S egún la Enciclopedia Británica de los grandes inventos, el descubrimiento de la regadera sucedió en el 2028 a. C. Su autor fue el griego Heráclito de Siracusa y la Enciclopedia lo describe como un hermeneuta de mediana estatura, de rasgos afeminados que peinaba sus largos cabellos en forma de cola de caballo y cuando en su mente aparecía una nueva idea profería un rebuzno de alegría, tenía los ojos cacoquimios, la nariz aguileña y de su boca, siempre entreabierta como la del célebre papamoscas de la catedral de Burgos, salía constantemente un hilillo de baba que confirmaba su descubrimiento. Poseía grandes saberes sobre hidrología, la geometría euclidiana y su estudio sobre la esfericidad positiva de los pequeños agujeros fueron la clave para lograr la perfecta regadera.

Pocos años después, este genial invento de Heráclito de Siracusa supuso un gran avance para el regadío de las huertas de Grecia que a partir de entonces dieron unas extraordinarias cosechas jamás conocidas.

Para purificarse con aquella lluvia mágica, la regadera comenzó a usarse por los sacerdotes de los templos de Venus, Palas Atenea y de todos los dioses que formaban la mitología griega.

 En 1412 la regadera de los griegos se transforma en alcachofa de ducha por obra de la feliz idea de Leonardo da Vinci, al acoplarle la doble tubería, una con agua caliente y otra fría para regular la temperatura del agua.

El primer artificio se instaló en el palacio del gran Dux de Venecia, Paolo Lucio Anafesto, situado en la actual plaza de San Marcos. Se eligió una sala especial presidida por el cuadro de Botticelli El nacimiento de Venus. Y para demostrar los benéficos efectos que la nueva ducha producía sobre su egregia familia, el Dux ordenó que la sala estuviera separada en dos partes por una gruesa lámina de cristal de Murano para que los Orsini, Sforza, Colonna y otras ilustres familias, junto con el colegio cardenalicio, tuvieran un lugar privilegiado para contemplar el espectáculo.
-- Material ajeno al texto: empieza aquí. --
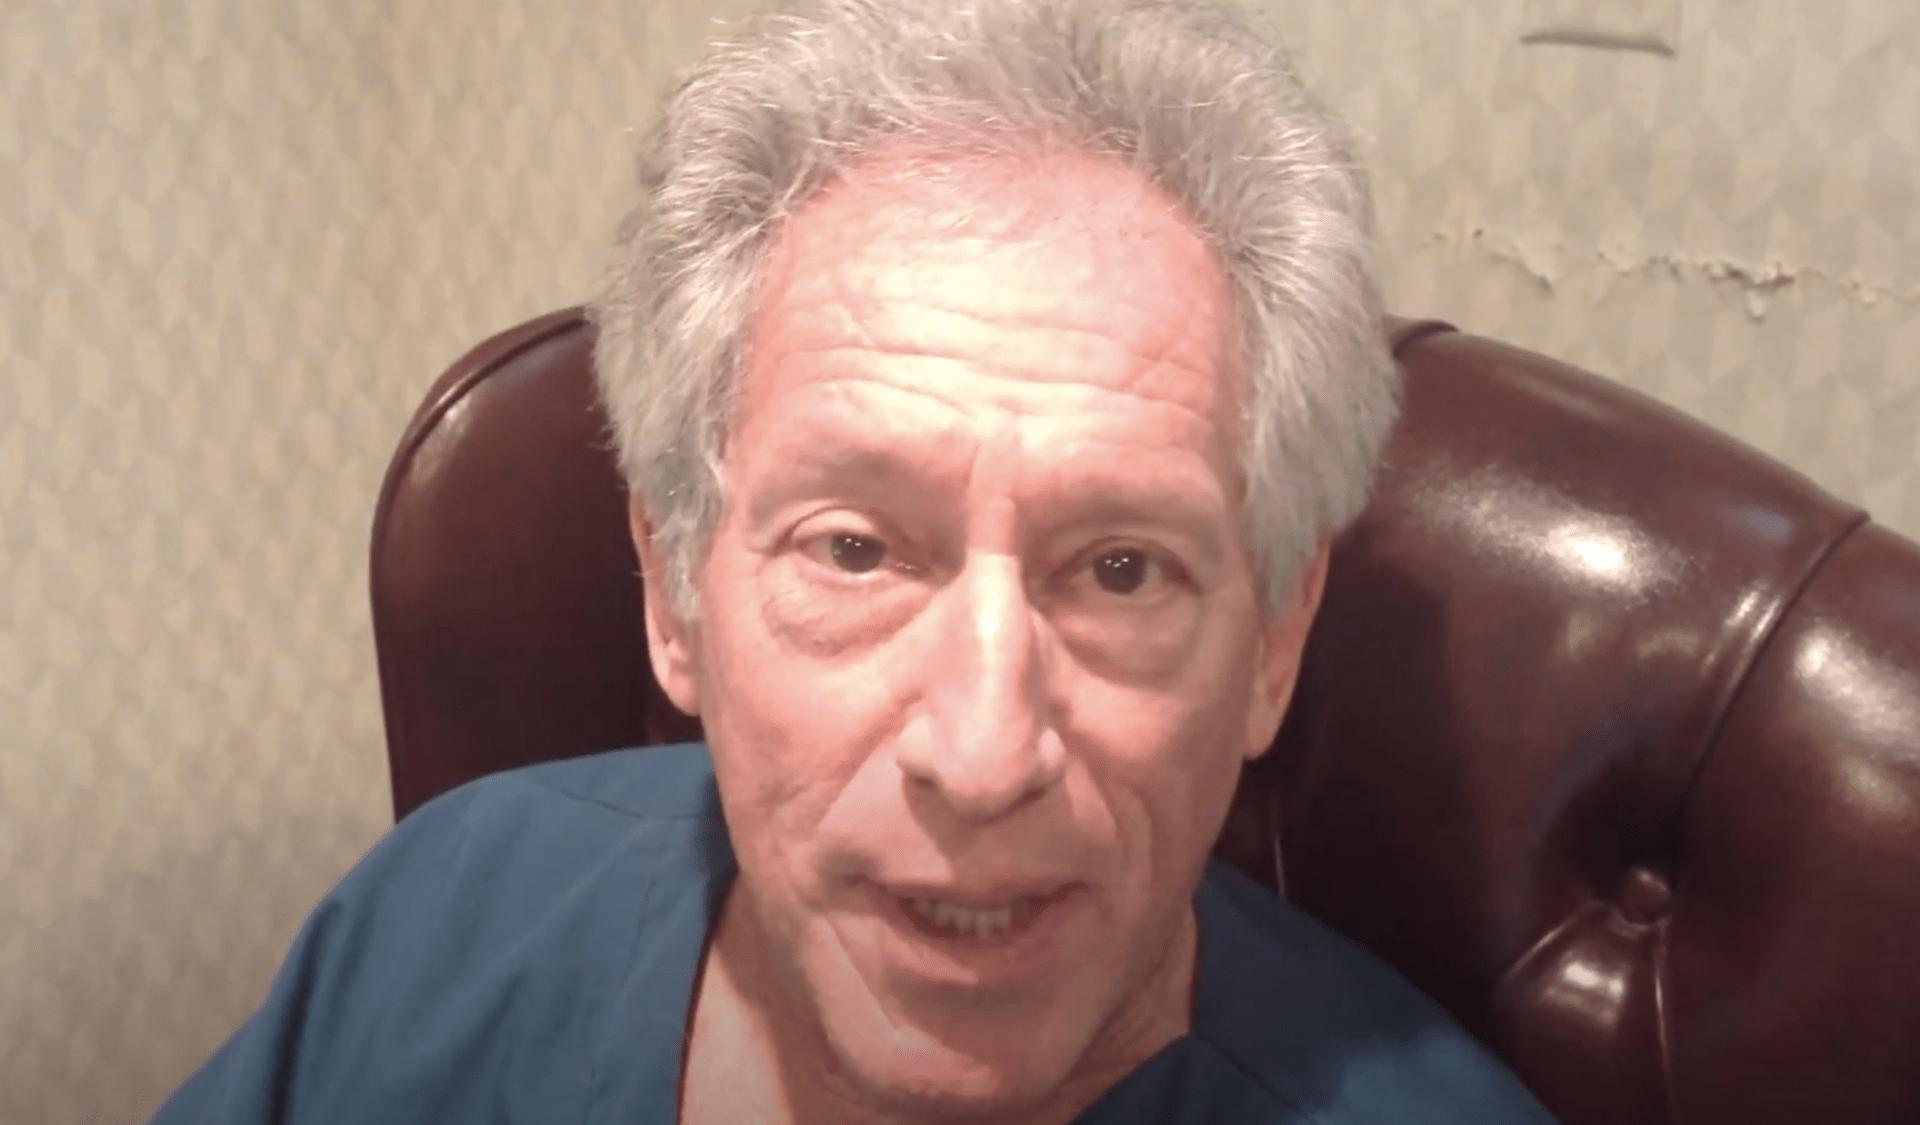 Dr. Larry Shapiro

Pero los purpurados muy pronto dejaron de asistir a las duchas ducales al observar un deleite sensual en el lavado y frotamiento de ciertas partes del cuerpo con los nuevos jabones de olor creados por los perfumistas de Módena.

Años más tarde, el Papa Alejandro Sexto, gran humanista y liberal, declaró la ducha benéfica para la humanidad en su Encíclica Acua Santa in Corpore Sano.

En 1780 la doctora francesa Silvette Pigassou inventó el bidet para la higiene de las damas de la corte de Versalles, y veinte años después el físico Jack Latour tuvo la idea de instalar en el bidet una pequeña ducha cuyo efecto de surtidor milagroso limpiaba, higienizaba y perfumaba las partes secretas de la mujer sentada cómodamente en el gracioso artilugio, mientras llena de alegría cantaba La Marsellesa.